Function overloading by function pointer

Question

there is a question about overloading functions. Look at this code:

#include<iostream>

void fv(int){}
void fc(const int){}
void fvr(int&){}
void fcr(const int&){}

void fm(void(*fun)(const int))
{
    std::cout << "Constant called" << std::endl;
}

//void fm(void(*fun)(int))
//{
//  std::cout << "non Constant called" << std::endl;
//}

void fm(void(*fun)(const int&))
{
    std::cout << "Constant ref called" << std::endl;
}

void fm(void(*fun)(int&))
{
    std::cout << "non Constant ref called" << std::endl;
}

int main()
{
    fm(&fc);
    fm(&fv);
    fm(&fvr);
    fm(&fcr);
    return 0;
}

if you uncomment void fm(void(*fun)(int)) function you find that compiler can't statically overload function by pointer on function that accept parameter by value and pointer on function that accept const value. Also, if you uncomment void(*fun)(const int) and comment void(*fun)(const int) then all compiles sucessfully. But, if we using references it compiles OK. Don't get why, could you explain me please? Does this mean that pointers to function that accept parameter by value and by const value is same types?

UPD: Top-level const doesn't influence a function signature There is a good explanation why top-level const should be removed.

Answer 1

Yes, top-level const will be just dropped.

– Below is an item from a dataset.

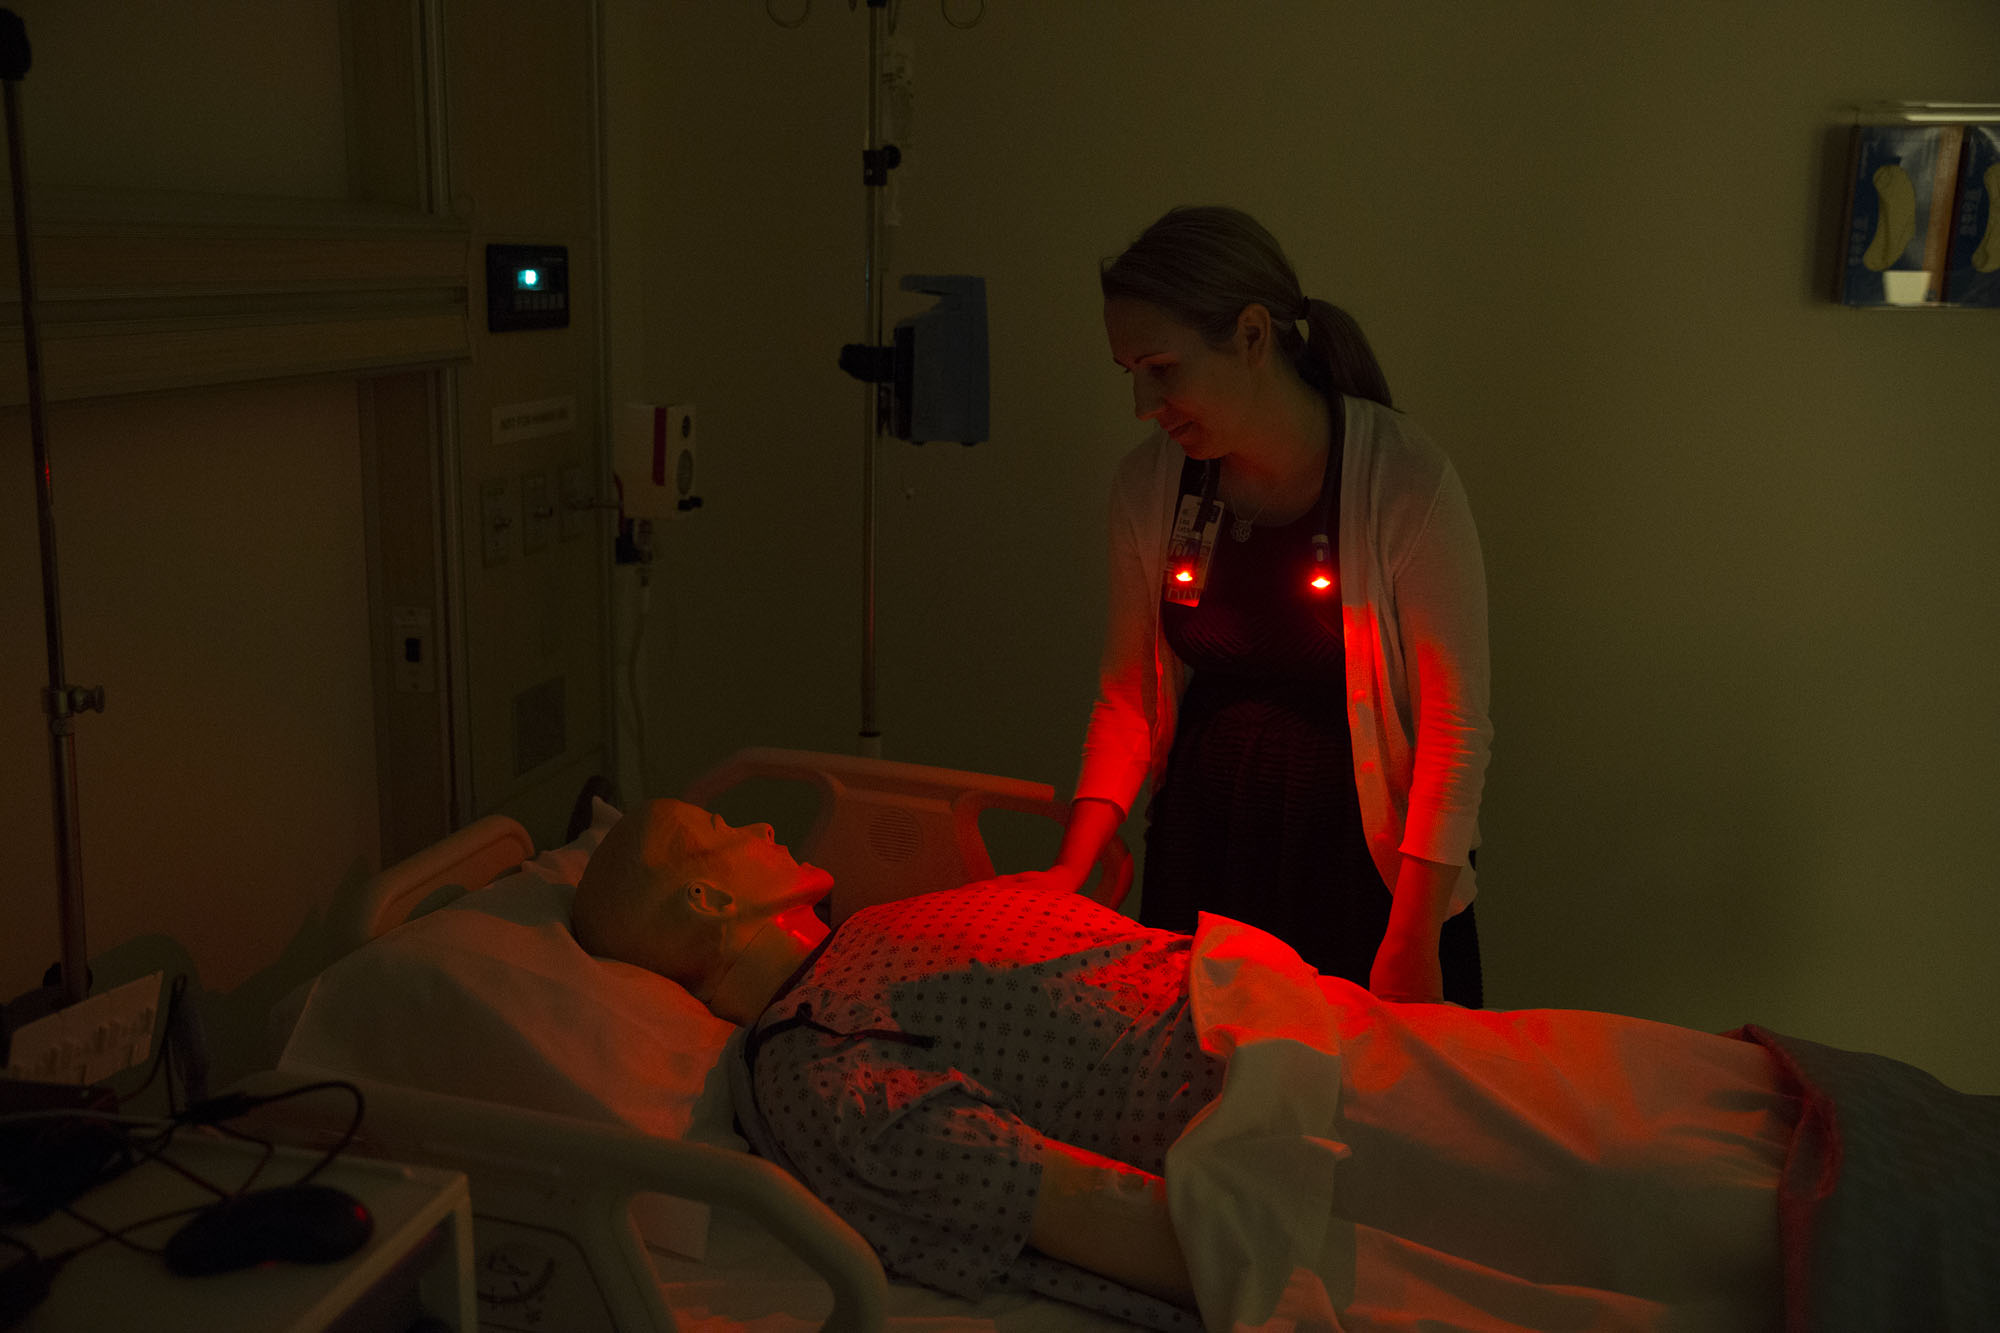 Lisa Letzkus, works with a dummy patient in a darkened room

Error from gcc

redefinition of ‘void fm(void (*)(int))’

As you can see const is dropped.

Quote from N3376 8.3.5/5

After producing the list of parameter types, any top-level cv-qualifiers modifying a parameter type are deleted when forming the function type.

Answer 2

Yes you cannot overload functions based on the const ness of a non pointer / non-reference argument, see: Functions with const arguments and Overloading

Which in turn implies that pointers to function that accept parameter by value and const value are same type.